The observational data unpublished from patients after liver surgery revealed a CPSP prevalence of 48.6%. Previous studies [16, 17] were used to determine the sample size. Based on an α of 5% and a power of 80%, a sample size of 44 patients per group was sufficient to detect a difference between the parecoxib and placebo groups, given the occurrence rate of 20 and 50%, respectively. In order to allow for 10% early withdrawals and loss to follow-up, 49 patients were sufficient in each group. Finally, we included 105 patients in this study. In addition the two-sided Fisher’s exact test, the power for the primary outcome proportion of patients with CPSP was calculated as > 85%.

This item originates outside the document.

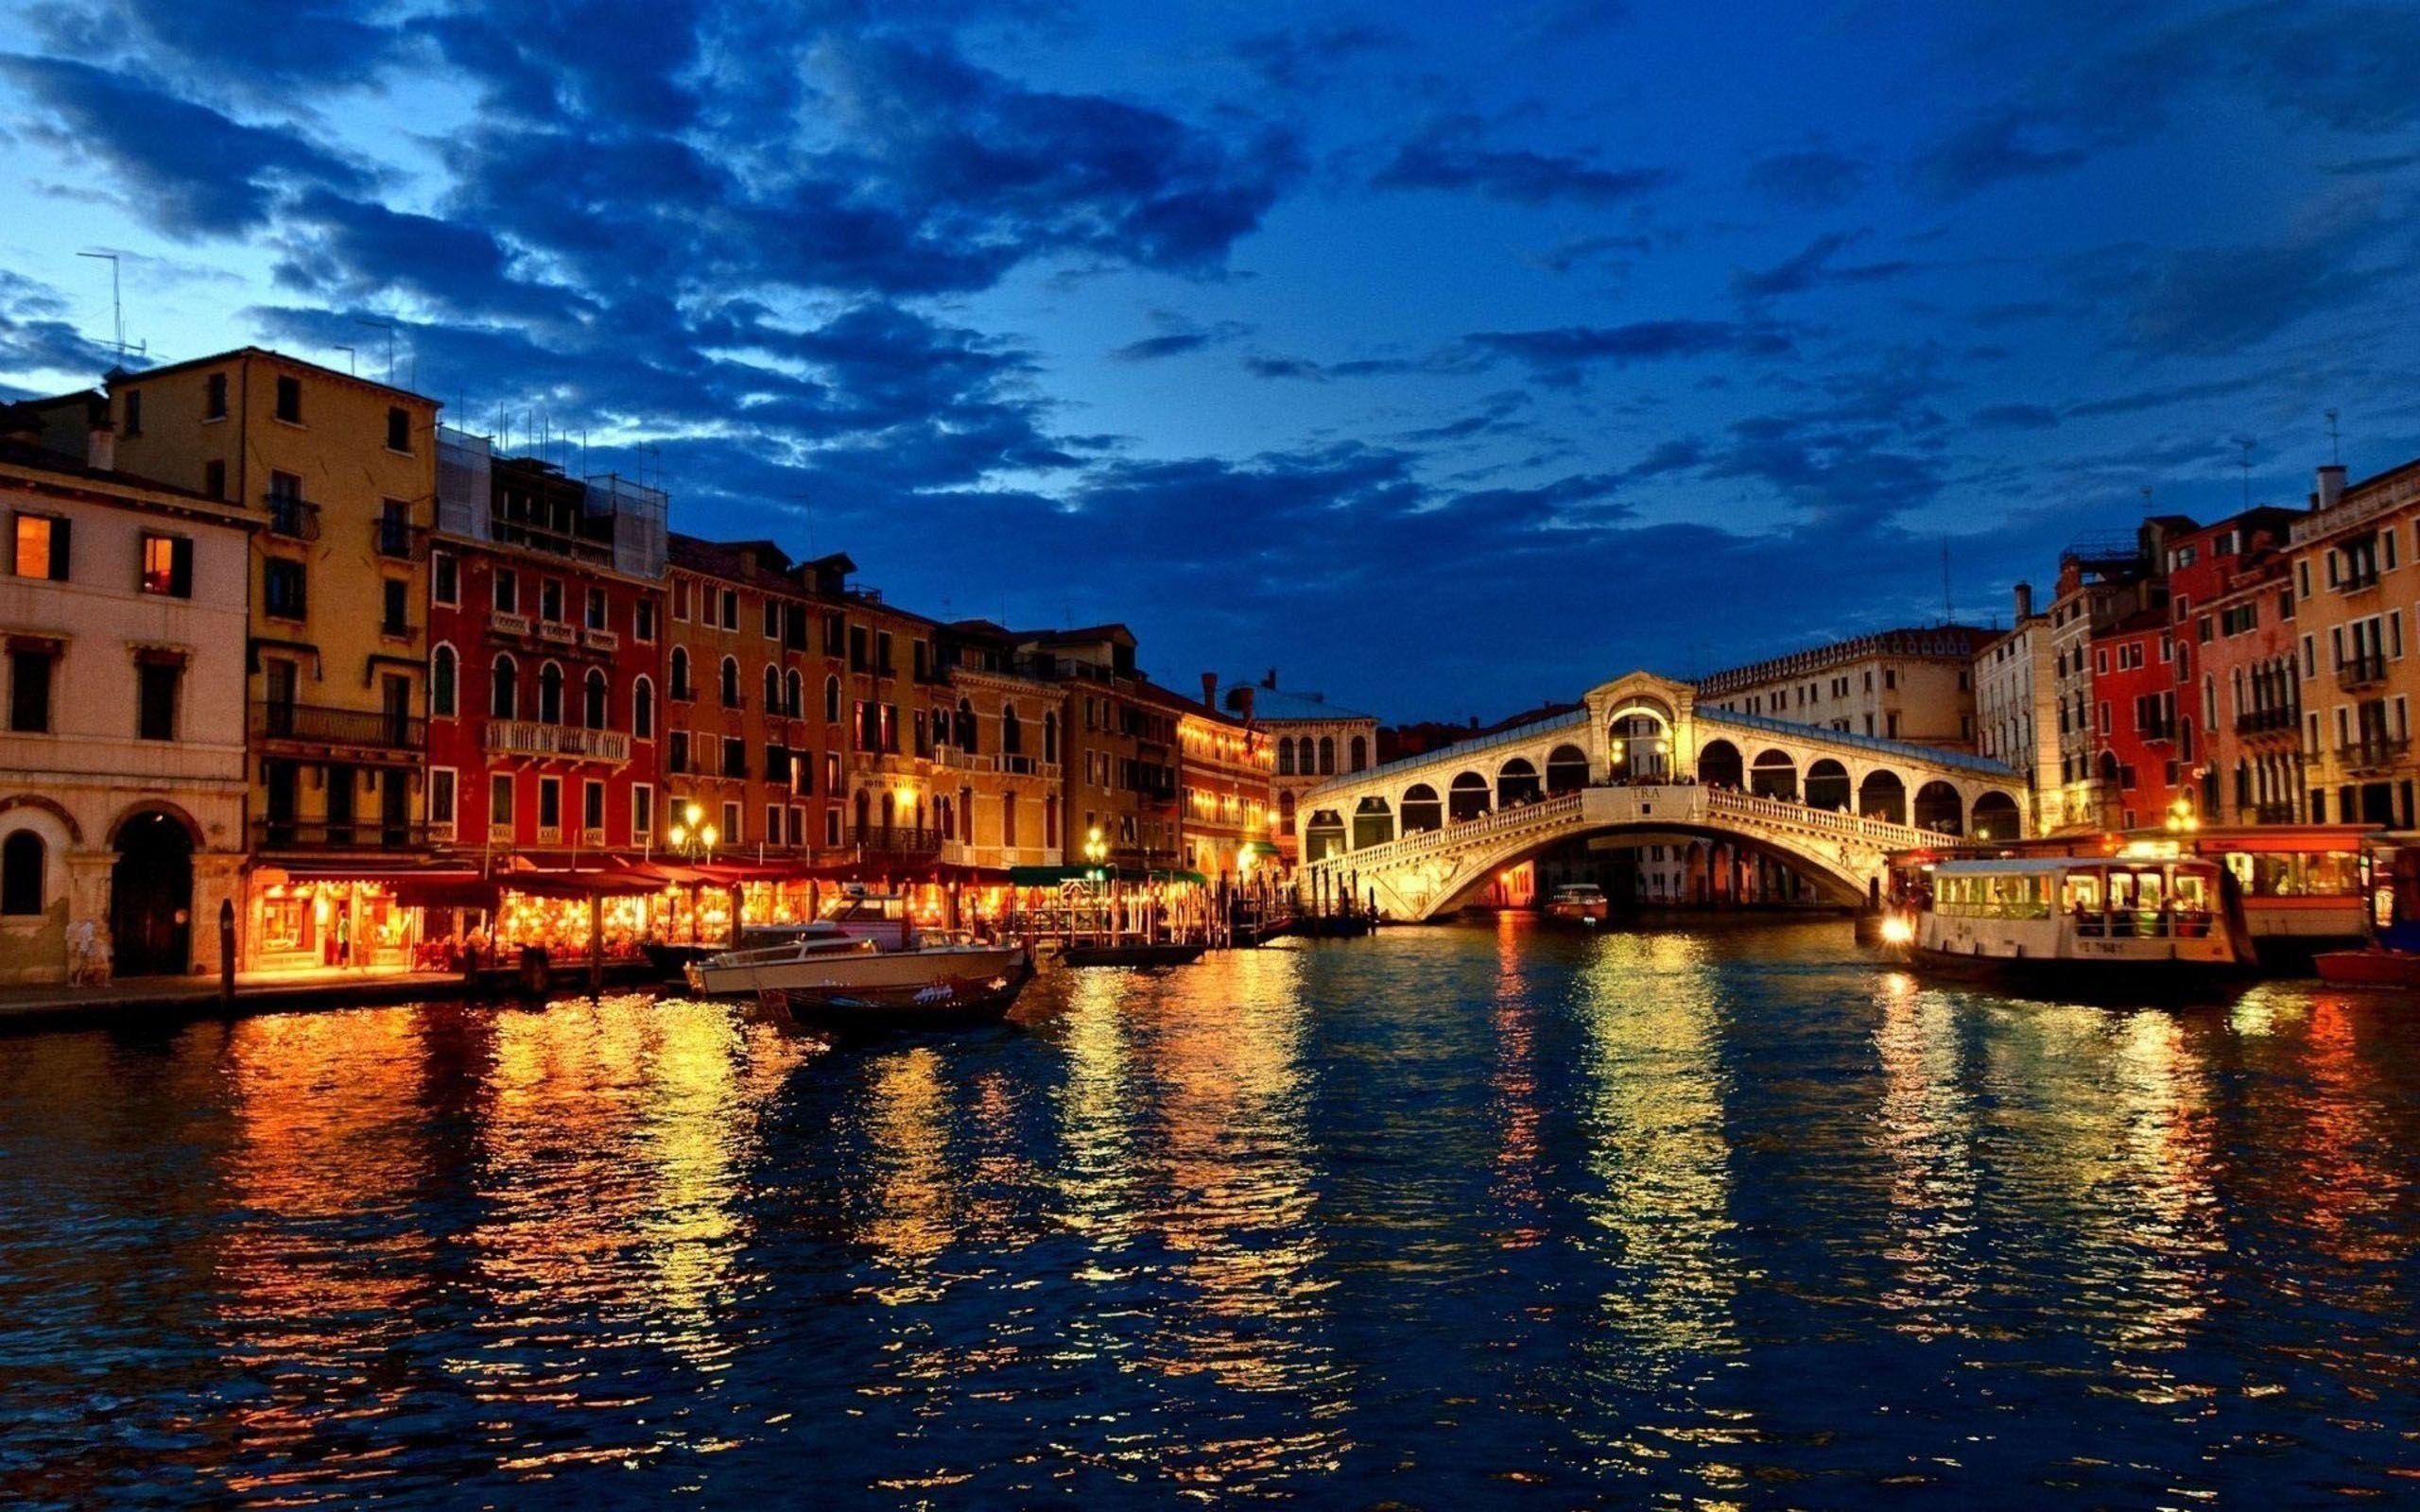 Venice Italy Desktop Wallpaper
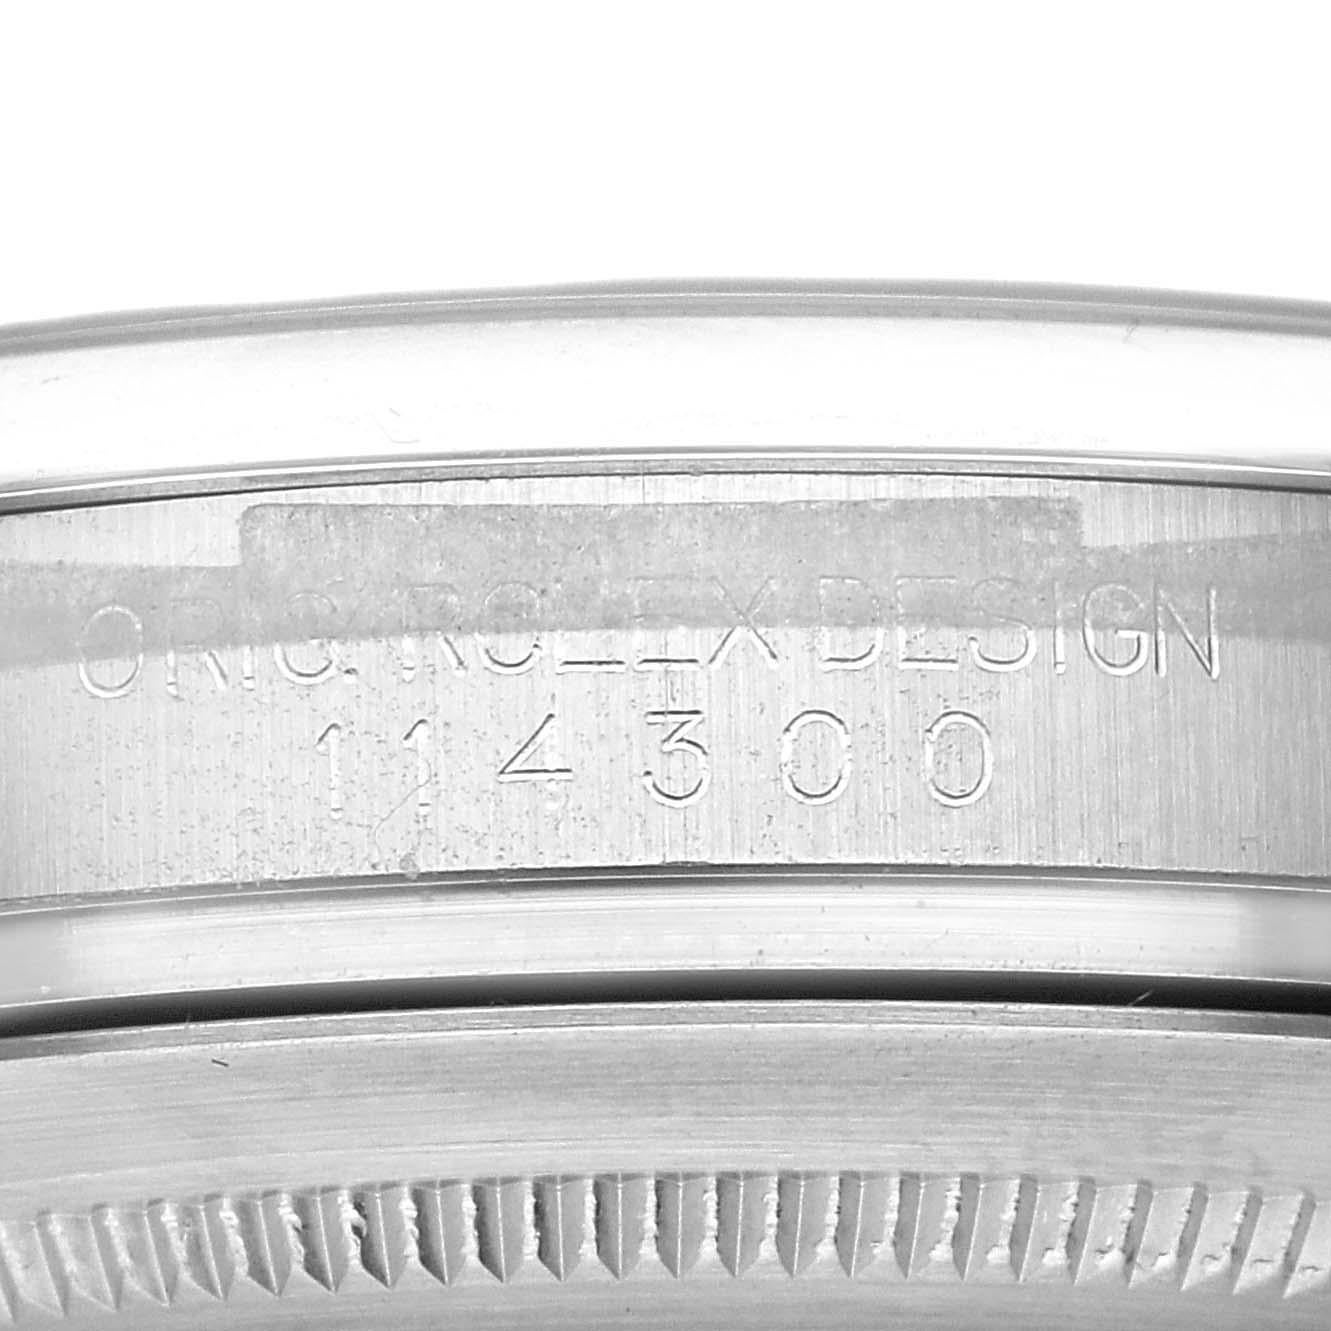 Rolex Oyster Perpetual 39mm Blue Dial Steel Mens Watch 114300. Mouvement automatique à remontage automatique, officiellement certifié chronomètre. Boîtier en acier inoxydable de 39 mm de diamètre. Logo Rolex sur une couronne. Lunette bombée lisse en

The database was established, a two-pass verification was performed using EpiData (version3.1, EpiData Association, Denmark), and data were analyzed using IBM SPSS Statistics (version 22, IBM Corporation, USA). Continuous variables were reported as mean ± standard deviation (SD), and categorical variables were reported as the number (percentage) of patients. The primary outcomes were analyzed based on an intention-to-treat basis according to the previous randomization categories. The proportion of patients developing CPSP between groups was compared using Pearson’s chi-square test. The relative risk (RR) value and its 95% confidence interval (CI) of CPSP were calculated for the parecoxib group. To analyze the sensitivity of the results, the worst-case scenario and per-protocol analysis were operated. For the baseline characteristics and secondary outcomes, normally distributed continuous data were compared using t-test. Non-normally distributed continuous data were compared using the Mann–Whitney U test. The categorical variables were compared using Pearson’s chi-square test or Fisher’s exact test. For repeated measurement, such as inflammation index and VAS within 72 h, an analysis of variance (ANOVA) was employed to assess the between-group difference. To compare the difference in SF-MPQ score between the two groups, we used Mann–Whitney U test. No imputation was performed for missing data for the secondary outcomes.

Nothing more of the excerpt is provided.